Would you output the entries below only from the line containing "RESTAURANT LE VIEUX PORT" through the line containing "Prix Fonds de Commerce et Murs : 235 k€", exactly as they stand and with both ends included?

-------- Given data

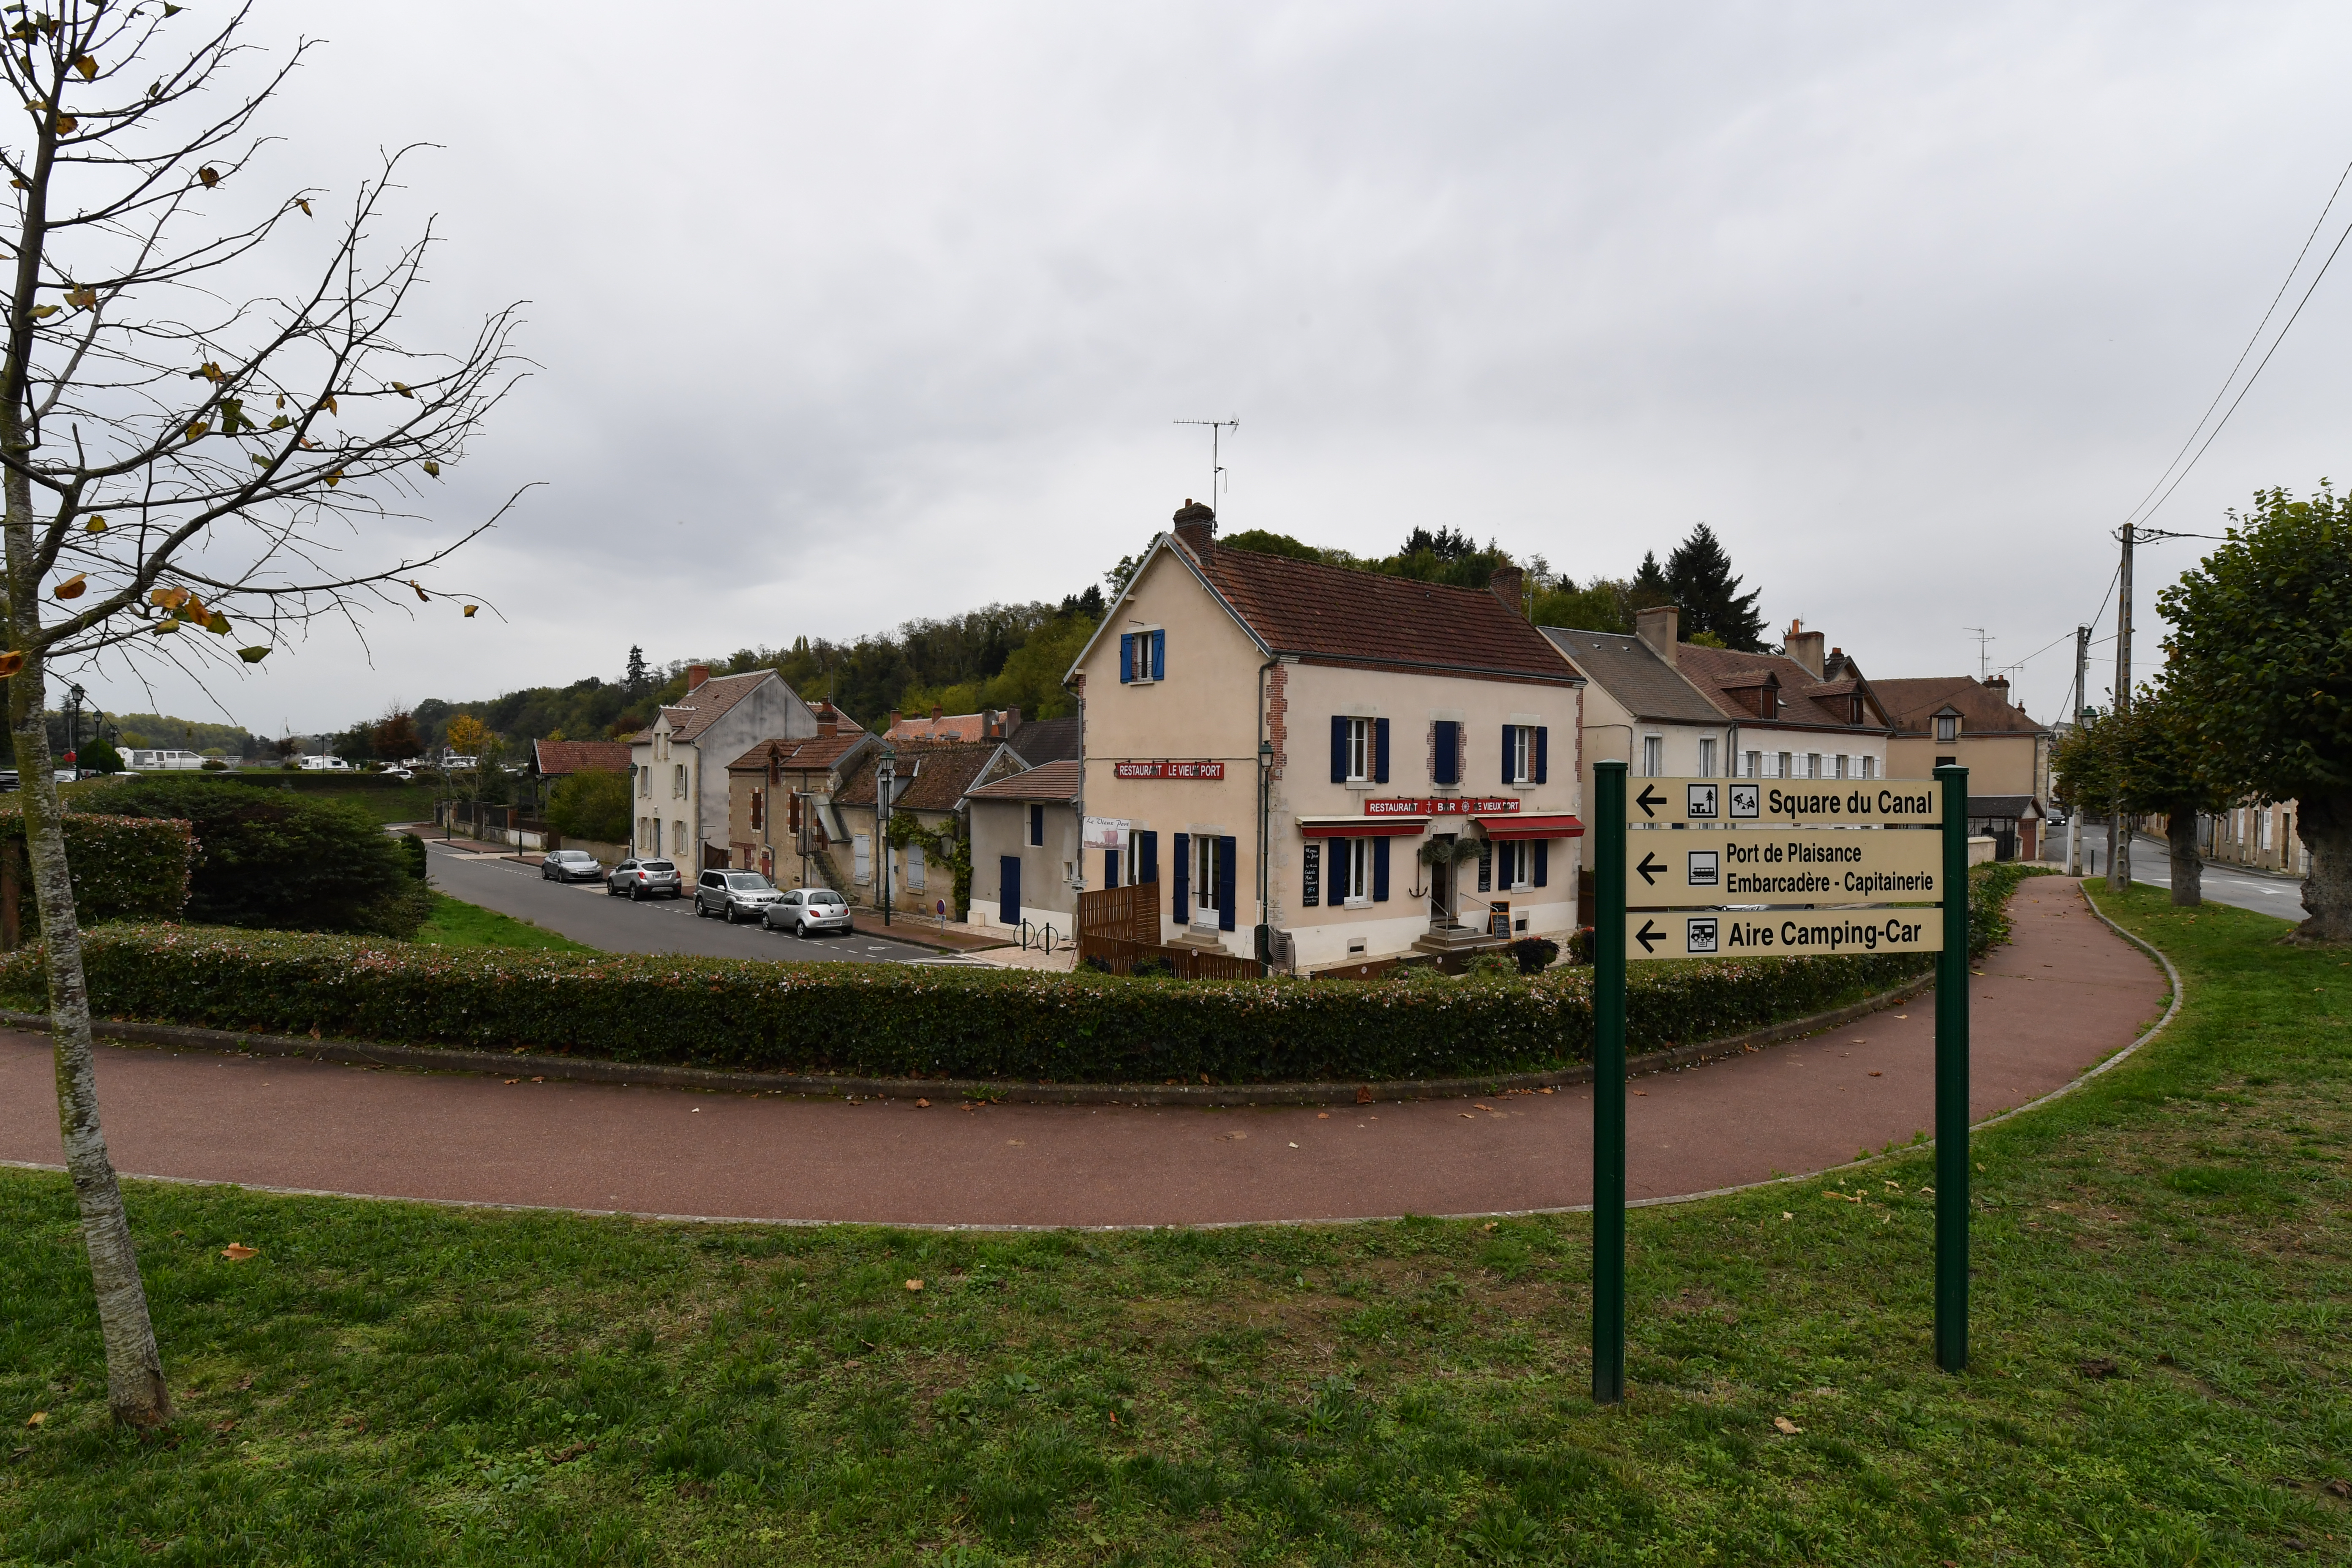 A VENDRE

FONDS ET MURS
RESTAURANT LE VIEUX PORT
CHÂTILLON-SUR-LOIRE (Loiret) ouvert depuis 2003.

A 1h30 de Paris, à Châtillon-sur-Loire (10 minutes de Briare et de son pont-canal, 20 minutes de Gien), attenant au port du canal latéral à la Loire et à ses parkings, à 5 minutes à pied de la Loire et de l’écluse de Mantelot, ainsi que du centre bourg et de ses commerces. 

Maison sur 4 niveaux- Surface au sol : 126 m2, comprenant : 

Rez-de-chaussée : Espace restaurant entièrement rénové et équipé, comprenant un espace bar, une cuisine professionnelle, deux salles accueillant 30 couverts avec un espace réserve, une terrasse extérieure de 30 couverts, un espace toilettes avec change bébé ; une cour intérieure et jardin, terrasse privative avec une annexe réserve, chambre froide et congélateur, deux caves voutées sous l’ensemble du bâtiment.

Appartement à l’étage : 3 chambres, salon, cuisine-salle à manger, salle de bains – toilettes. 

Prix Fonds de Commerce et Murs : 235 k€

----------------
-------- Given data

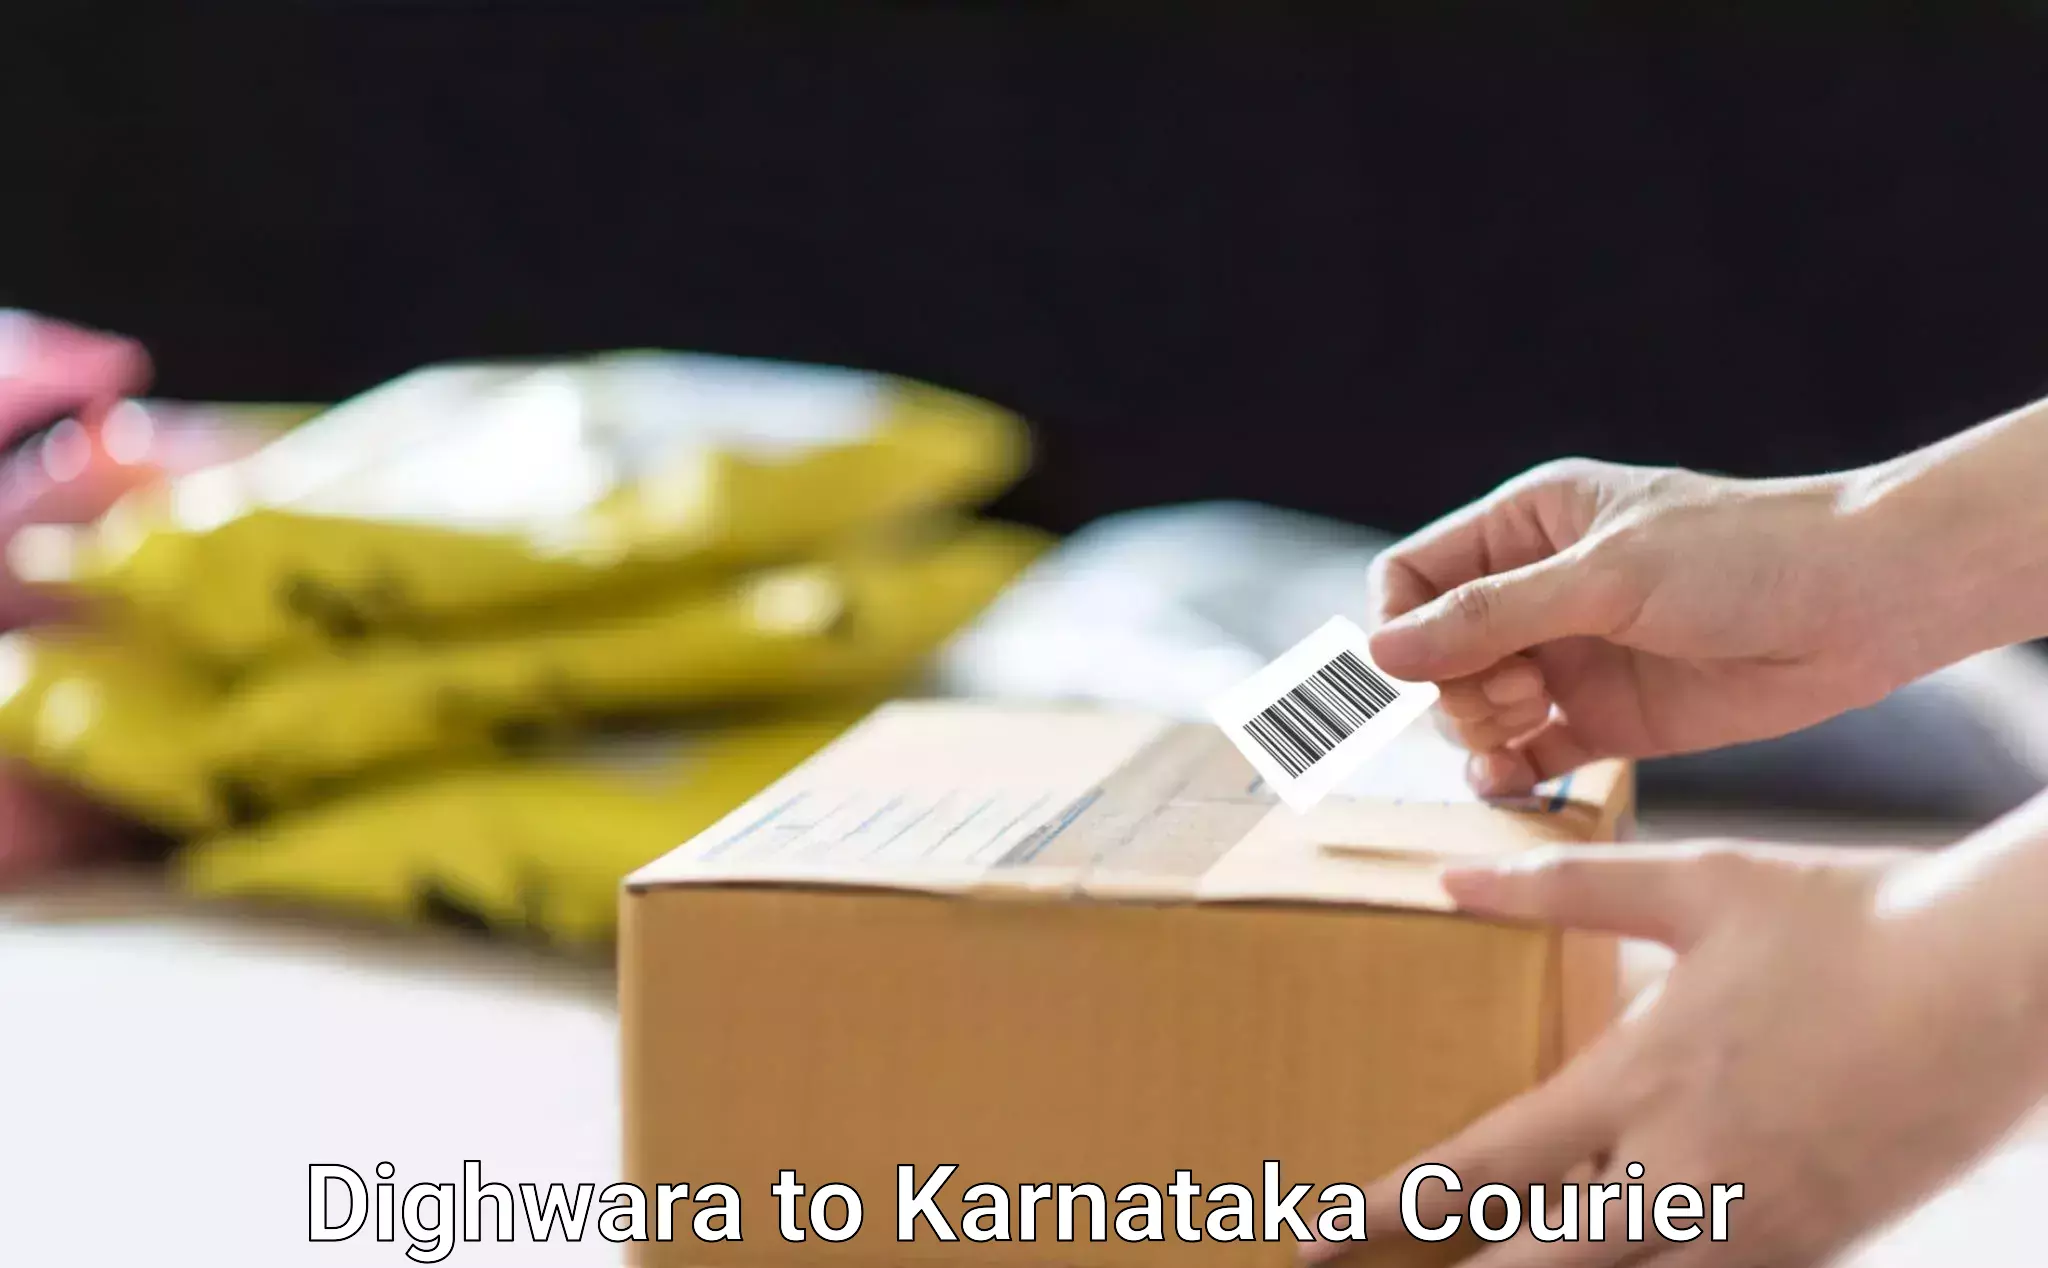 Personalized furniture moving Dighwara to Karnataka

----------------

> **Response**:
RESTAURANT LE VIEUX PORT
CHÂTILLON-SUR-LOIRE (Loiret) ouvert depuis 2003.

A 1h30 de Paris, à Châtillon-sur-Loire (10 minutes de Briare et de son pont-canal, 20 minutes de Gien), attenant au port du canal latéral à la Loire et à ses parkings, à 5 minutes à pied de la Loire et de l’écluse de Mantelot, ainsi que du centre bourg et de ses commerces. 

Maison sur 4 niveaux- Surface au sol : 126 m2, comprenant : 

Rez-de-chaussée : Espace restaurant entièrement rénové et équipé, comprenant un espace bar, une cuisine professionnelle, deux salles accueillant 30 couverts avec un espace réserve, une terrasse extérieure de 30 couverts, un espace toilettes avec change bébé ; une cour intérieure et jardin, terrasse privative avec une annexe réserve, chambre froide et congélateur, deux caves voutées sous l’ensemble du bâtiment.

Appartement à l’étage : 3 chambres, salon, cuisine-salle à manger, salle de bains – toilettes. 

Prix Fonds de Commerce et Murs : 235 k€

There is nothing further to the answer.